# Decaf.. Suggestions?



## Rhys (Dec 21, 2014)

Bought a tin of Illy decaf beans the other day as I don't want to be drinking coffee on an evening when I'm up at silly o'clock in the morning.

Not unpleasant (for supermarket 'freshness') but I expect there's better out there.

Talking to Laurence at my local roasters (York Coffee Emporium) about decaf and to paraphrase, it isn't as nice as normal coffee - plus it tends to catch fire in the roaster as the beans are really dry.

Anyone have any opinions on decaf coffee beans or should I go back to decaf tea?


----------



## MikeHag (Mar 13, 2011)

Two decafs from hasbean are great when they are available. Unleaded blend, and colombia el meridiano.


----------



## DoubleShot (Apr 23, 2014)

Rave Sparkling Water Decaf

Union Decaf

Not tried either but read comments suggesting they're not bad.


----------



## Mr O (Jan 14, 2015)

I'm in the same boat - 04:15 alarm... Still wanna drink coffee. I've been looking at hasbean and rave but not ordered yet.


----------



## jeebsy (May 5, 2013)

I've had Rave, Has Bean and Nude decaffs before - passable in milk but they do taste slightly odd as espresso.


----------



## Sk8-bizarre (Jan 22, 2015)

^ fully agree with Jeebsy on this and I am a later night decaf drinker but soon as the caff is off its over to cappuccinos from espresso.

Tried about five beans from diffo roasters all rated highly. Still doing the same.


----------



## Mr O (Jan 14, 2015)

That's why I've been hanging off buying. I kinda got the idea that it's best to drink em in milk or not at all.. And I don't like milk


----------



## garydyke1 (Mar 9, 2011)

HB - Both the Guat and Columbia decafs are killer


----------



## Rhys (Dec 21, 2014)

Definitely have to have mine with milk or Americano with a drop of milk and sugar. The Illy stuff has a dark liquorice edge to it that's completely different to the coffee I'm drinking at the minute.


----------



## NickdeBug (Jan 18, 2015)

I drink quite a bit of decaf and agree with above: Rave, HB and Union are all pretty good, but generally as a longer, milky drink. Rave decaf as flat white has lots of chocolate and butterscotch.

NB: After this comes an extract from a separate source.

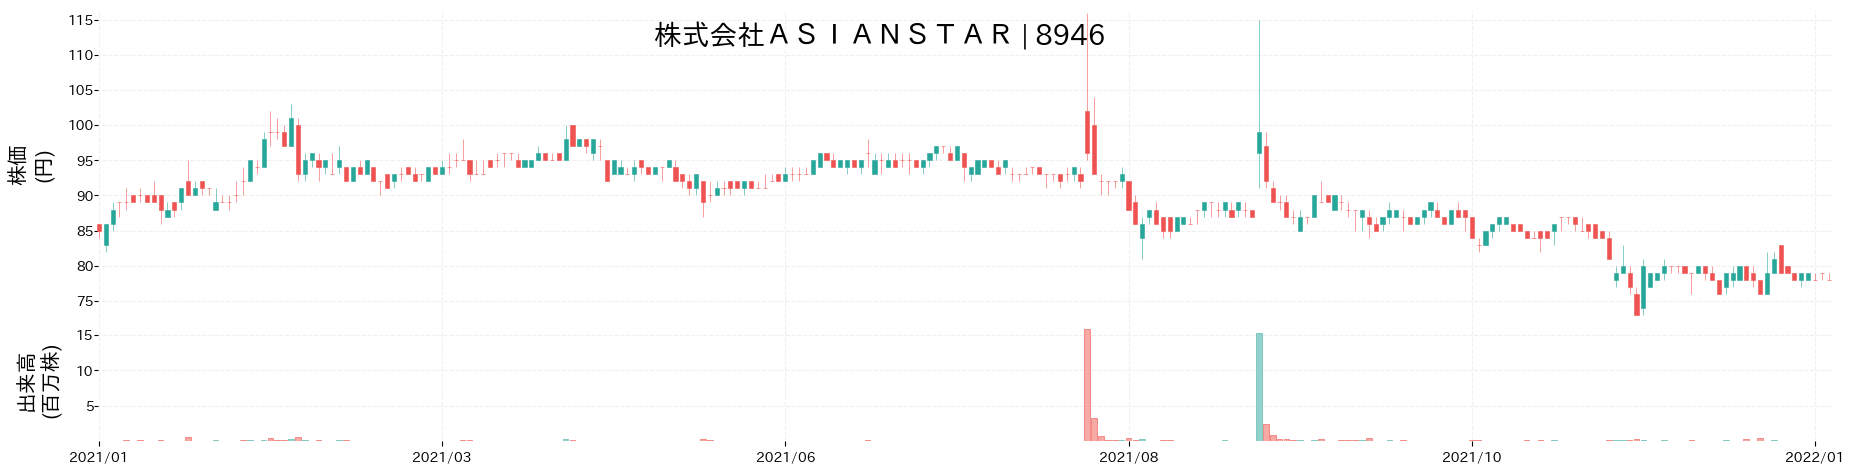 ASIAN STARの株価推移(2021)

as espresso there is a slightly odd aftertaste and they lack the complexity of the full octane stuff.

You might want to grind a little finer as well. The sweet spot on decaf beans seems to be smaller than regular so grind is very important. A bit of a pain if you are swapping between the two unless you have two grinders.


----------



## Sk8-bizarre (Jan 22, 2015)

Mr O said:


> That's why I've been hanging off buying. I kinda got the idea that it's best to drink em in milk or not at all.. And I don't like milk


This may kinda put a stop to you ever even trying them I reckon then Mr O. The obvious and logical thinking is they lose something in decaffination process I suppose.

I have tried all the decaf beans I've bought as an espresso shot and fiddled a bit with weights, times, grind but never got past that ewwww it's not quite right point in comparison to most caff beans that I have tried (bar one, and I think that was my grinder limitations) and found a sweet spot I'm happy with with them quite easily.


----------